The female A. diadematus will lay her last clutch of eggs in fall before dying, usually timed with our first frost. The eggs will overwinter. The eggs will hatch in springtime when temperatures warm, releasing hundreds of baby spiderlings!

June 13, 2013 – San Juan Island “Orb-Weaver Spiderlings”

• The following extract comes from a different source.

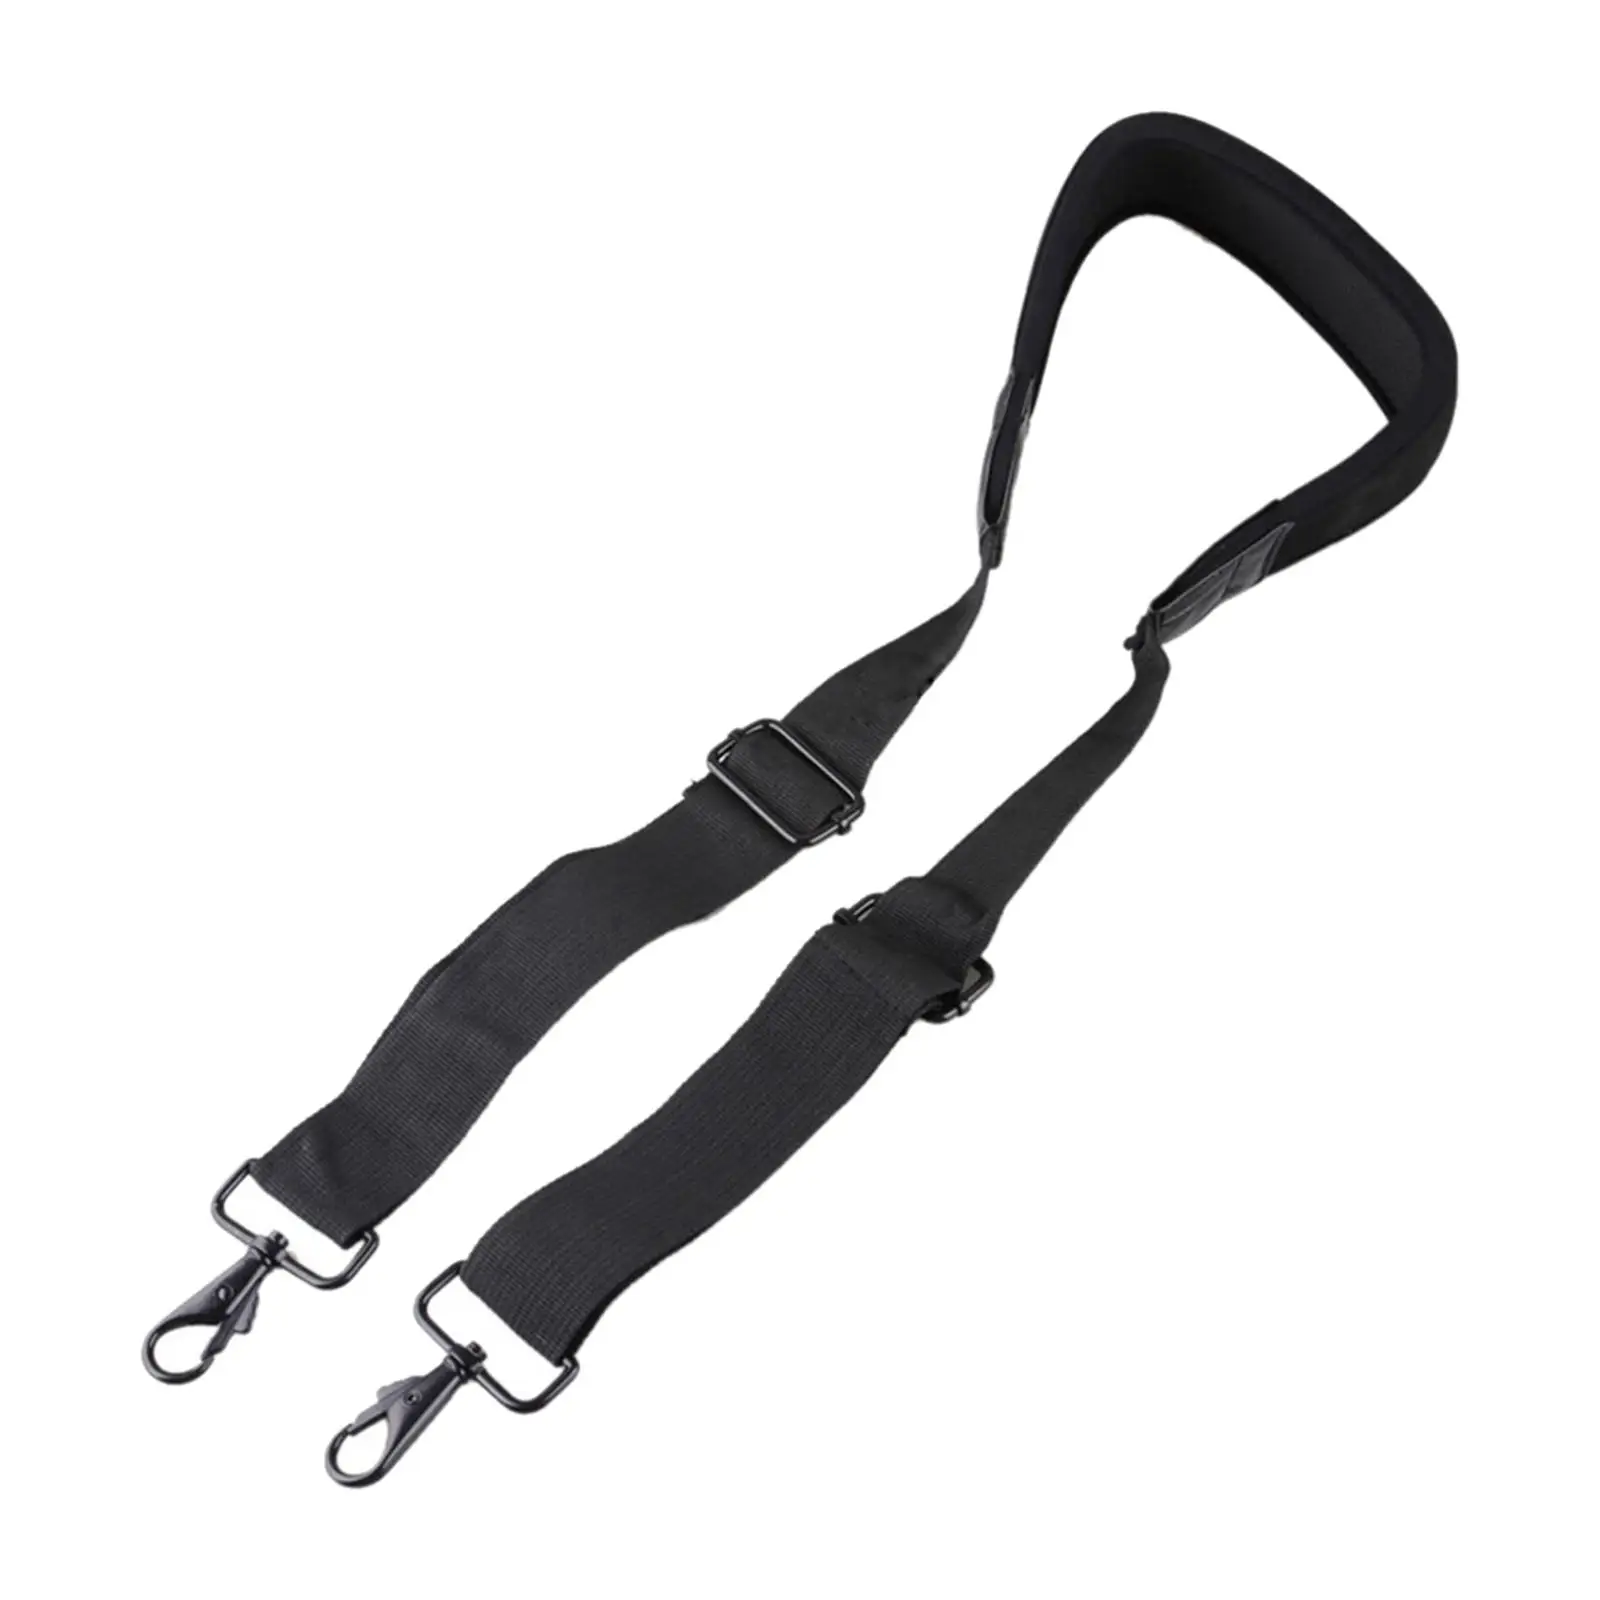 Shoulder Strap Belt Adjustable with Metal Hooks Soft Comfortable 52inch Black Thick Anti Slip for Camera Luggage Bag Laptop
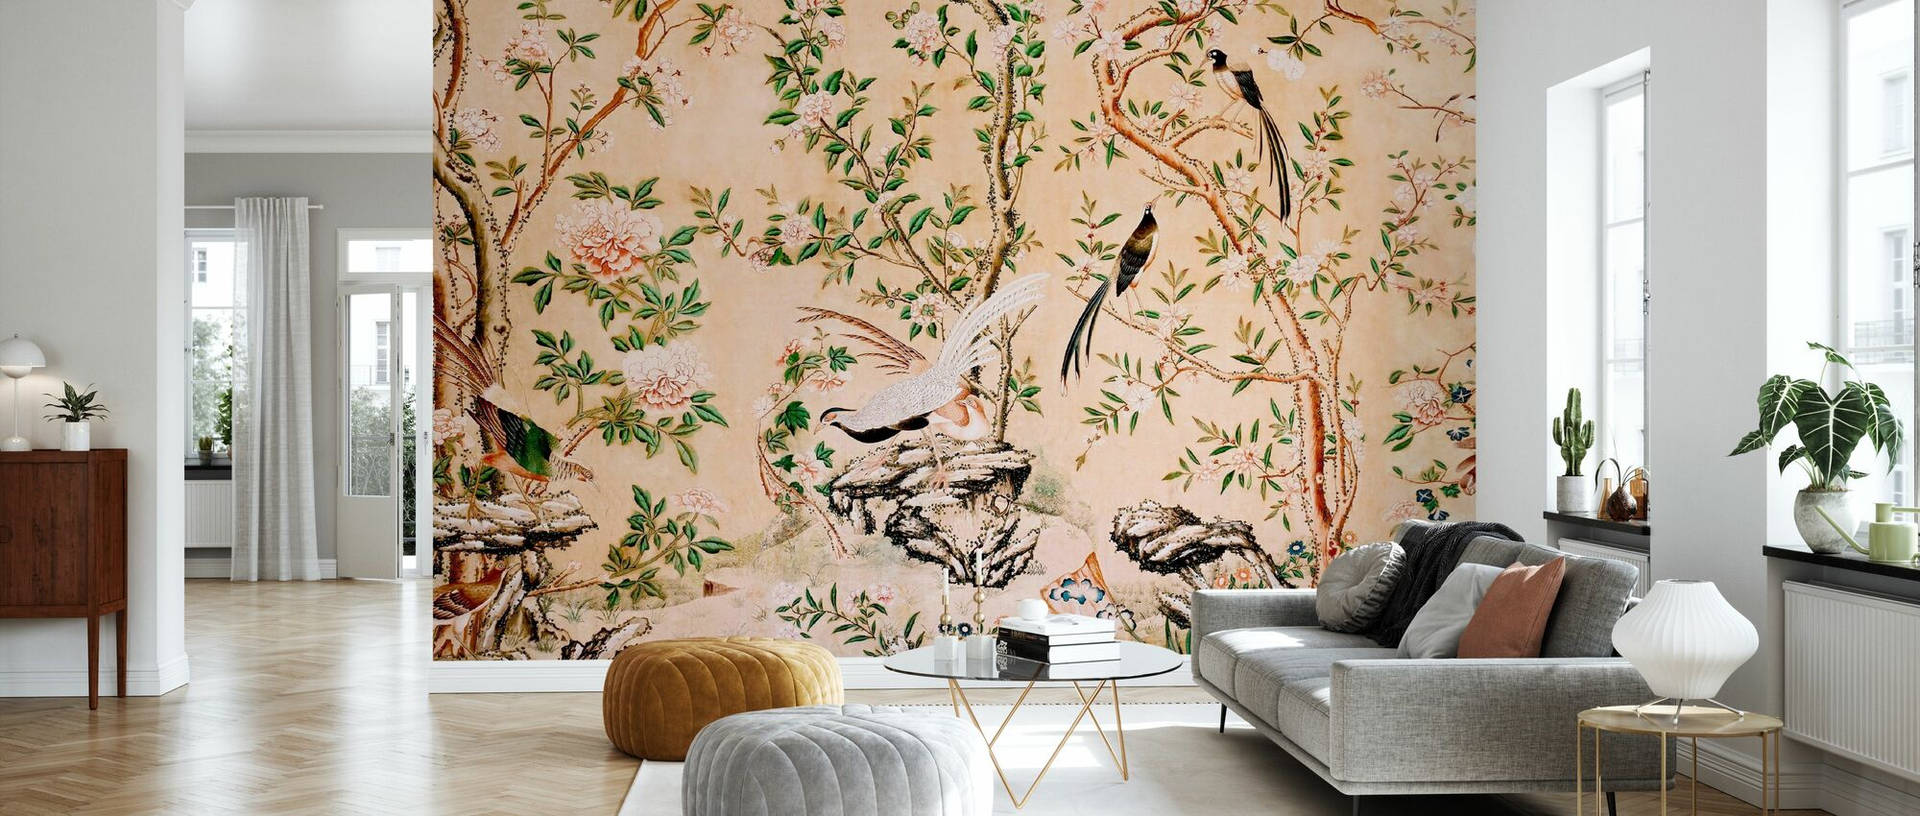 Chinoiserie Living Room Wallpaper

I found this interesting poem online about Orb Weavers that I’ll leave you with today. Thanks for stopping by!

Araneus diadematus

Our cradle empty, we shall climb

To a high place, to catch the wind

And fly, strewing gossamer as we go,

Singly, flowing without will, to land

Wherever.

We shall know, by the compass

Blotched in white upon our backs,

Where to spin the spokes, and how

To spire the wheel; with one leg, feel

The trembling.

Approach too fast, and we shall quake,

And blur the whorl with shaking

From the underside, the compass

Pointing down, our legs the eight points

Taking.

At night we eat the orb, conserve

The silk, to spin again by morning,

Indelicately, cramming all

Into open mouths, every spoke

Consuming.

We spin the globes of nurture

After mating, span them so,

With loving claws, adore the

Minor worlds we make, compass

Turning.

Entwined in silk, their spinnerets

Are forming, massed bundles

Of eyes, and legs, and fangs

Entangling. Each of us

Expiring.

Source material. Veronica Godines, Araneus diadematus, http://animaldiversity.ummz.umich.edu. Theodore H. Savory, The Spiders and Allied Orders of the British Isles, London, 1945, pp. 130–131. The common “Garden Spider” has a characteristic “cross” on its back, and is the archetypal orb-weaver. Immatures, already orphans by the time they emerge, go out to seek their fortunes by abseiling more or less at random on air-currents, attached to an anchor point by nothing but a thread of gossamer.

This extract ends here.